Well, I bought a 100+ year old fixer-upper. I knew it was going to be a complete rewire coming in. I was told that my wife's uncle was a retired electrician... turns out he's retired, and for 2 years in the 60's he did some electrical work. So I'm doing the best I can and I think doing a good job, but I've run into some major issues on the service.

I have 200A that goes to a pole in the yard. It has a disconnect on the pole and it's buried to the house (there's a circuit off the pole going to the lights at the end of the driveway, but lets ignore that for now, unless it's found to be relevant later). The aluminum wire enters the house into a box and ends. It's spliced using a split nut to the wires that feed a 100A (I think, going off memory here) panel in the garage, that has a 60A(I think) sub panel going to the pole barn.
Immediately after that splice, is a spliced extension into the main panel for the house. That was about 3 feet, I replaced the old panel and extended it about 20 feet away as it was directly above the sump pump and I didn't like standing in/near water while working on electric.

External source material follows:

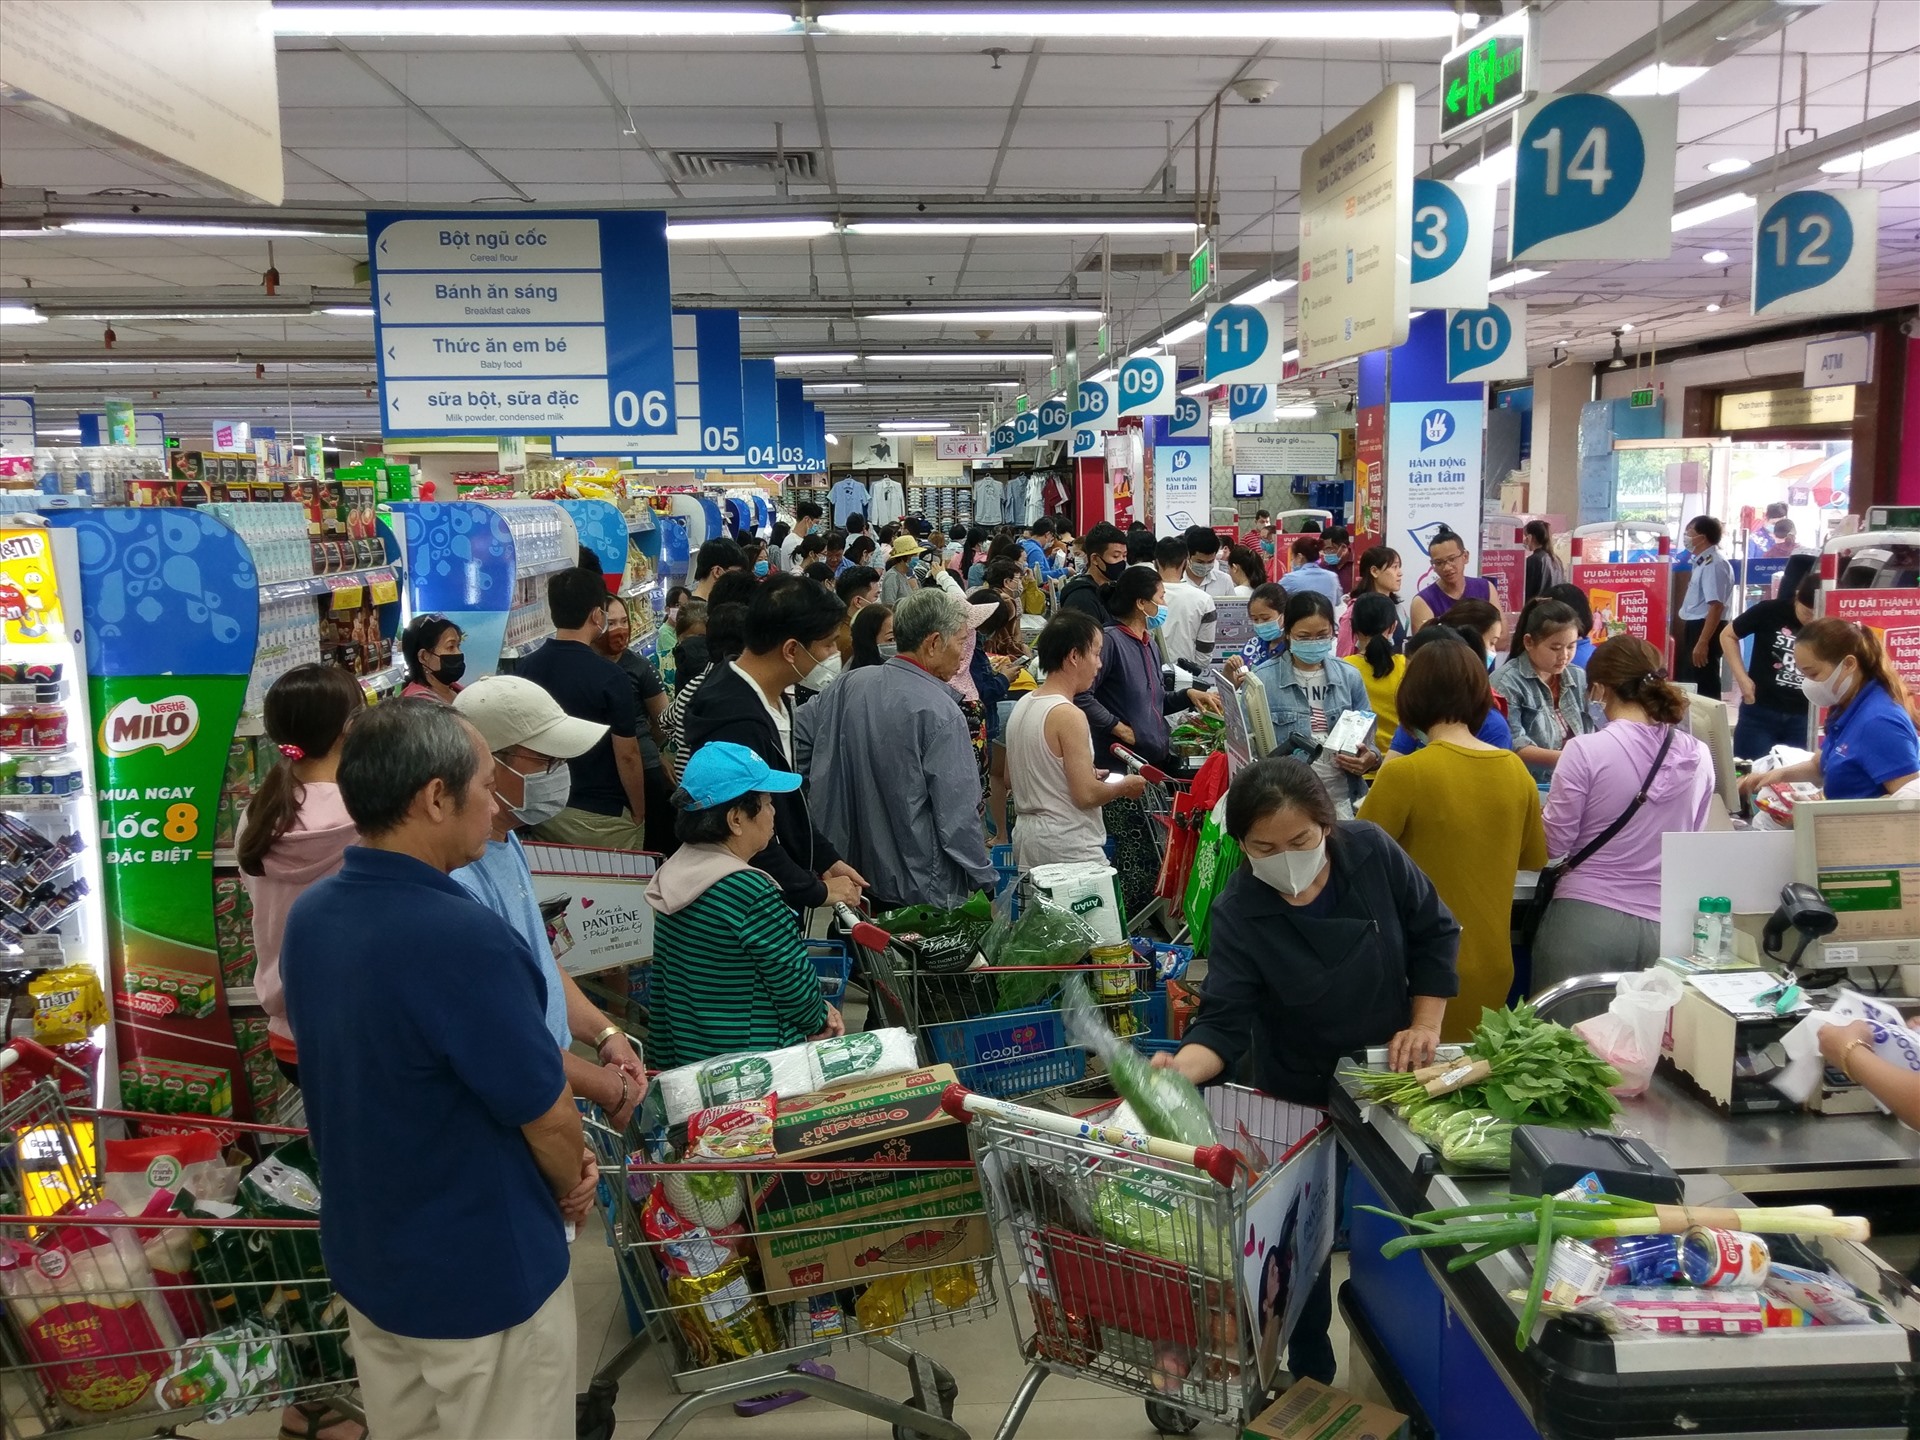 Hàng dài người xếp hàng tính tiền ở các siêu thị vào cuối tuần. Sở Công thương TPHCM kêu gọi người dân không nên tích trữ hàng hóa trong thời điểm hiện nay, gây tâm lý hoang mang, xáo trộn thị trường.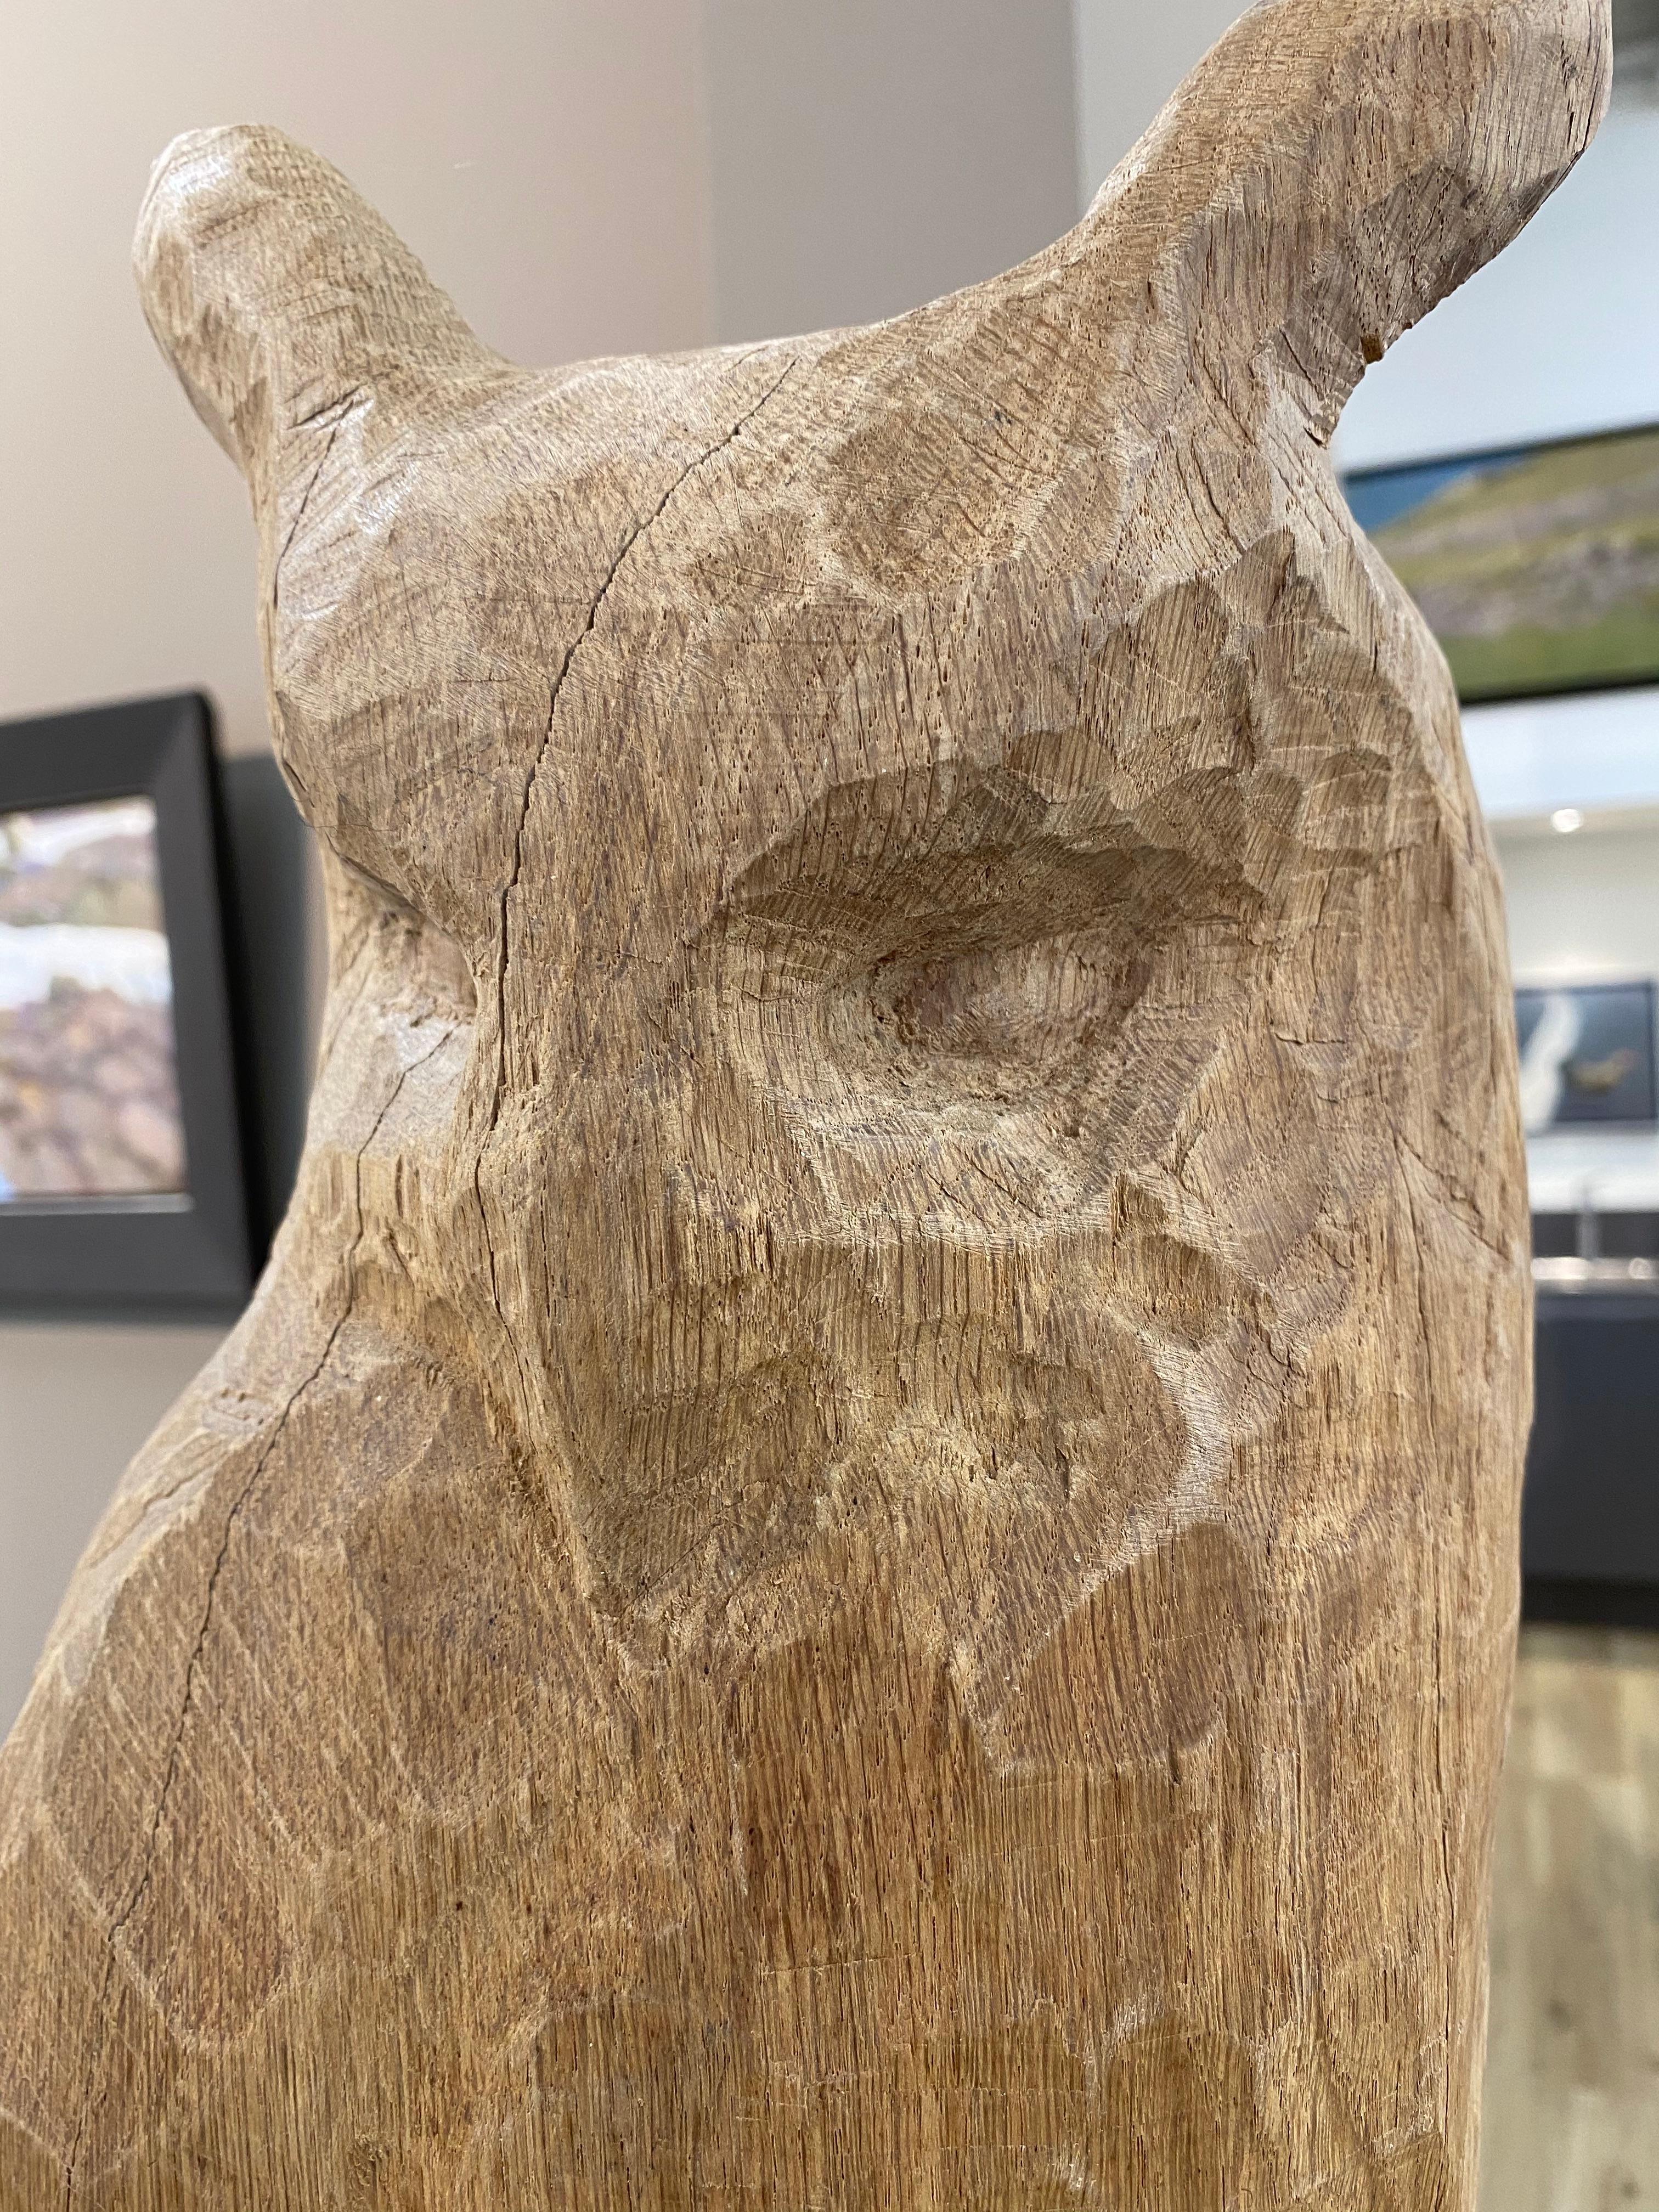 Eagle Owl - 21st Century Sculpture of an Owl made of oak - Brown Abstract Sculpture by Jaap Deelder

There was another splice in the wires feeding the main panel that run upstairs to a 60A sub panel. It was old cloth wiring, and I did not reconnect it when I moved and installed the new panel this weekend. However, I would like to have it running the power upstairs (3 bedrooms, 1 bath) as a true sub panel off the main.

I know that sounds all sorts of messed up, and I would obviously like to correct it. Here's a quick sketch to help clear some of that up. I appreciate any help you can provide, even if it's "call a real electrician".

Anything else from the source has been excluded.